Technology correspondent, BBC News
Dungeons and Dragons (D&D) is the mother of all role-playing games.
Before World of Warcraft, Everquest, Meridian 59, Zork and pretty much every other multi-user dungeon or text adventure was D&D.
Since its publication in 1974 by Gary Gygax and Dave Arneson, D&D has been relentlessly old-school and most of those that play it do so with paper, pencil and polyhedral dice.
But this year Wizards of the Coast, D&D's current owner, is adding electronic elements to the game to prepare it for an age in which most fantasy gamers play via computer if they play at all.
"If we want to recruit the next generation of gamers we have to be online, that's clearly the platform where people have chosen to play," said Randy Buehler, vice-president of digital gaming at Wizards of the Coast.
While many computer games such as Baldur's Gate and Neverwinter Nights have appeared before that use a D&D setting and revolve around its rules none, said Mr Buehler, have captured what is special about the game.
As in many fantasy-based computer games, D&D is all about picking a role for a character to play, be that warrior, wizard or thief, and then sending that character on an adventure.
The crucial difference is that in D&D you do not thrust that character into a dungeon overseen by a computer - instead the overseer is another person.

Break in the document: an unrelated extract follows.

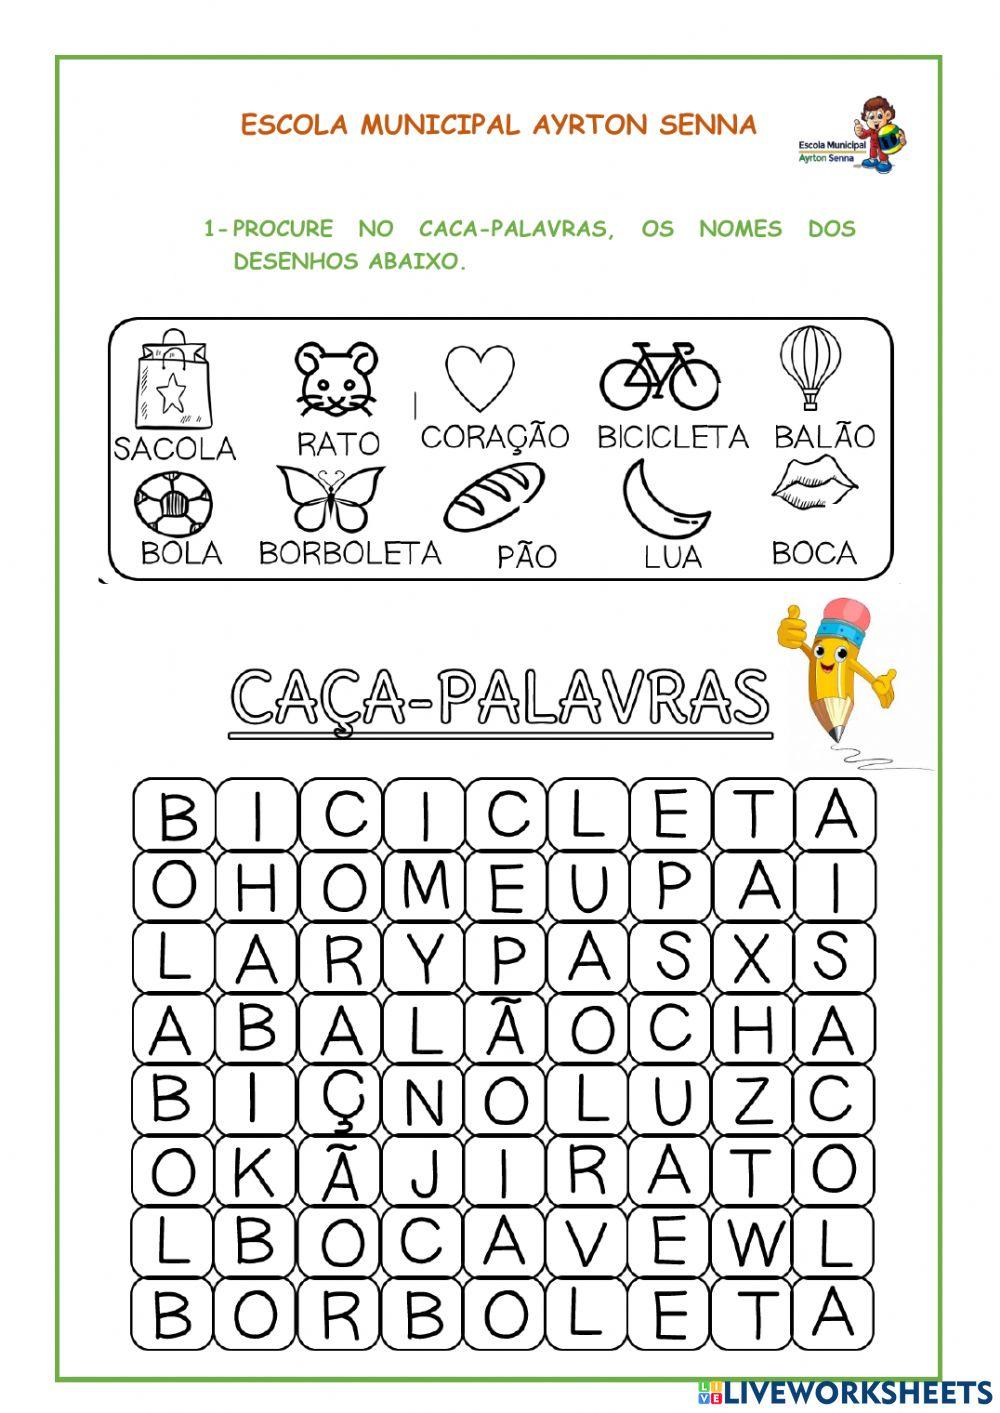 Caça Palavras online exercise for

In D&D parlance they are known as a Dungeon Master (DM).
The DM is the kind or cruel god who controls the monsters found in the dungeon, plays every character you meet on the way to the lost tombs and makes the whole experience a frustration and a delight.
"Without that human element you are limited to what's been programmed in by the designer," said Mr Buehler.
"What's missing is the imagination and improvisation. If we can capture that we win."
The electronic extras for D&D are collectively known as D&D Insider and give players a variety of digital tools to aid and abet that formerly paper-based play.
"The idea is that you can play it as 100% table-top experience, or 100% electronic or somewhere in between," said Mr Buehler.
The most ambitious part of D&D Insider is the game table - a virtual space where players can join and in which they can play out an adventure overseen by a human DM.
Other elements include online character generators that take novices and veterans through the bewildering array of choices that confront anyone creating a D&D character and taking it on several different adventures.
Also available is a character visualiser, access to all the D&D rulebooks ever printed and a few online tools to help get characters going.
But, said Charles Ryan, a veteran D&D player and spokesman for games firm Esdevium, there's no guarantee that E-D&D will catch on.
While putting lots of reference works in one place and producing tools to help people generate characters would undoubtedly be welcome, will that drive people to play D&D online?
"It's an open question," said Mr Ryan. "With the older-style guys, it's going to vary."
Despite this, said Mr Ryan, there was real appeal in having a virtual space around which D&D players who would not otherwise meet could gather.
"The older you get, it gets harder to get that group together," he said. "You are looking at your diaries to see if you can play, if you can get babysitters and so on."
"I can go back and play D&D now and play just an hour a night," he said.
For some regular D&D players the chance to go online and play is not so tempting.
"It's like watching a concert on TV; you just do not get the atmosphere," said Alexander Simkin, organiser of the D&D group on the Meetup website.
"I've been to the Last Night of the Proms and seen it on telly and it's a completely different experience," he said.
"I think you can simulate some aspects by playing it online but I don't think you can capture all of it," he added.
His comments were echoed by Mark Brown, a player who only took up D&D in October 2007 and is keen convert to playing it face-to-face.
"I think it's much better to get together with a group of friends and use your imagination," Mr Brown said. "When you do it on a computer you don't have that."
But, he said, he could understand Wizards of the Coast's strategy of launching it to tempt youngsters who were more familiar with World of Warcraft.
Also, he added, it could prove useful for those who cannot find a D&D group nearby.
"If you cannot play it any other way, if there's an online version that could really help," he said.